_PROVIDED INFORMATION_.

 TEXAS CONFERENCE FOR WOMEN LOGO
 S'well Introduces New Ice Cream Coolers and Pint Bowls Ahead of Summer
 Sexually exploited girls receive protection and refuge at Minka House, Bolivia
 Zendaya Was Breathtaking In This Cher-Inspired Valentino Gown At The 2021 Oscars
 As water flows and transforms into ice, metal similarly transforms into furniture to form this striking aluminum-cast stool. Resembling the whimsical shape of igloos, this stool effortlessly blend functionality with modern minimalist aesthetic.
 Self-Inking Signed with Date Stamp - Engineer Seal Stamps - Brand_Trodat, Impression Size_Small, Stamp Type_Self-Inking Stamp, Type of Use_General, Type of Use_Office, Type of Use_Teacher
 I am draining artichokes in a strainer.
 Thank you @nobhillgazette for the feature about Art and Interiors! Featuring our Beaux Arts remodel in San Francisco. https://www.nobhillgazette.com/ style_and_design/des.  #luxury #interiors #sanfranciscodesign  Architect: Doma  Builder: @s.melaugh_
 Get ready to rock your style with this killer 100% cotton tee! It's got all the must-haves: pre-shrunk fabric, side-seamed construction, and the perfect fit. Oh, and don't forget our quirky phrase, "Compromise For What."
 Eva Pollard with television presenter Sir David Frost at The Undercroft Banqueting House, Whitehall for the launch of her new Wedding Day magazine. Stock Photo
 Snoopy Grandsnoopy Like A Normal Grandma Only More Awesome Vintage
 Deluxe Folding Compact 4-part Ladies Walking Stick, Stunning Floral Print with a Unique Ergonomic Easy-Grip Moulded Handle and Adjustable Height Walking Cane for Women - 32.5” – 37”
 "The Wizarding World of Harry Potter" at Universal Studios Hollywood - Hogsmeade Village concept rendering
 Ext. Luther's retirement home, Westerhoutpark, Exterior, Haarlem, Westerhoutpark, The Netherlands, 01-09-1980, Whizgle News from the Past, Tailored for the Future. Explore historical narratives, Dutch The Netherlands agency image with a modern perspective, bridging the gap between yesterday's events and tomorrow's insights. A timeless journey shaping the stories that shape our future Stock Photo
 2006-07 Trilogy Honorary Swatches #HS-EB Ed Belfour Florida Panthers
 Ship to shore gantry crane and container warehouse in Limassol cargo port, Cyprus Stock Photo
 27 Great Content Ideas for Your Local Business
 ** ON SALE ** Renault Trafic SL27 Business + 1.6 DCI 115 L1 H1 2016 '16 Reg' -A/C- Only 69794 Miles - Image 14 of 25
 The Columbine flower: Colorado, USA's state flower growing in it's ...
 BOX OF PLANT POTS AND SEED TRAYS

_WHAT THE TASK ASKS_.
Your task is to retype the data exactly, with no line missing.

_TASK RESPONSE_.
 TEXAS CONFERENCE FOR WOMEN LOGO
 S'well Introduces New Ice Cream Coolers and Pint Bowls Ahead of Summer
 Sexually exploited girls receive protection and refuge at Minka House, Bolivia
 Zendaya Was Breathtaking In This Cher-Inspired Valentino Gown At The 2021 Oscars
 As water flows and transforms into ice, metal similarly transforms into furniture to form this striking aluminum-cast stool. Resembling the whimsical shape of igloos, this stool effortlessly blend functionality with modern minimalist aesthetic.
 Self-Inking Signed with Date Stamp - Engineer Seal Stamps - Brand_Trodat, Impression Size_Small, Stamp Type_Self-Inking Stamp, Type of Use_General, Type of Use_Office, Type of Use_Teacher
 I am draining artichokes in a strainer.
 Thank you @nobhillgazette for the feature about Art and Interiors! Featuring our Beaux Arts remodel in San Francisco. https://www.nobhillgazette.com/ style_and_design/des.  #luxury #interiors #sanfranciscodesign  Architect: Doma  Builder: @s.melaugh_
 Get ready to rock your style with this killer 100% cotton tee! It's got all the must-haves: pre-shrunk fabric, side-seamed construction, and the perfect fit. Oh, and don't forget our quirky phrase, "Compromise For What."
 Eva Pollard with television presenter Sir David Frost at The Undercroft Banqueting House, Whitehall for the launch of her new Wedding Day magazine. Stock Photo
 Snoopy Grandsnoopy Like A Normal Grandma Only More Awesome Vintage
 Deluxe Folding Compact 4-part Ladies Walking Stick, Stunning Floral Print with a Unique Ergonomic Easy-Grip Moulded Handle and Adjustable Height Walking Cane for Women - 32.5” – 37”
 "The Wizarding World of Harry Potter" at Universal Studios Hollywood - Hogsmeade Village concept rendering
 Ext. Luther's retirement home, Westerhoutpark, Exterior, Haarlem, Westerhoutpark, The Netherlands, 01-09-1980, Whizgle News from the Past, Tailored for the Future. Explore historical narratives, Dutch The Netherlands agency image with a modern perspective, bridging the gap between yesterday's events and tomorrow's insights. A timeless journey shaping the stories that shape our future Stock Photo
 2006-07 Trilogy Honorary Swatches #HS-EB Ed Belfour Florida Panthers
 Ship to shore gantry crane and container warehouse in Limassol cargo port, Cyprus Stock Photo
 27 Great Content Ideas for Your Local Business
 ** ON SALE ** Renault Trafic SL27 Business + 1.6 DCI 115 L1 H1 2016 '16 Reg' -A/C- Only 69794 Miles - Image 14 of 25
 The Columbine flower: Colorado, USA's state flower growing in it's ...
 BOX OF PLANT POTS AND SEED TRAYS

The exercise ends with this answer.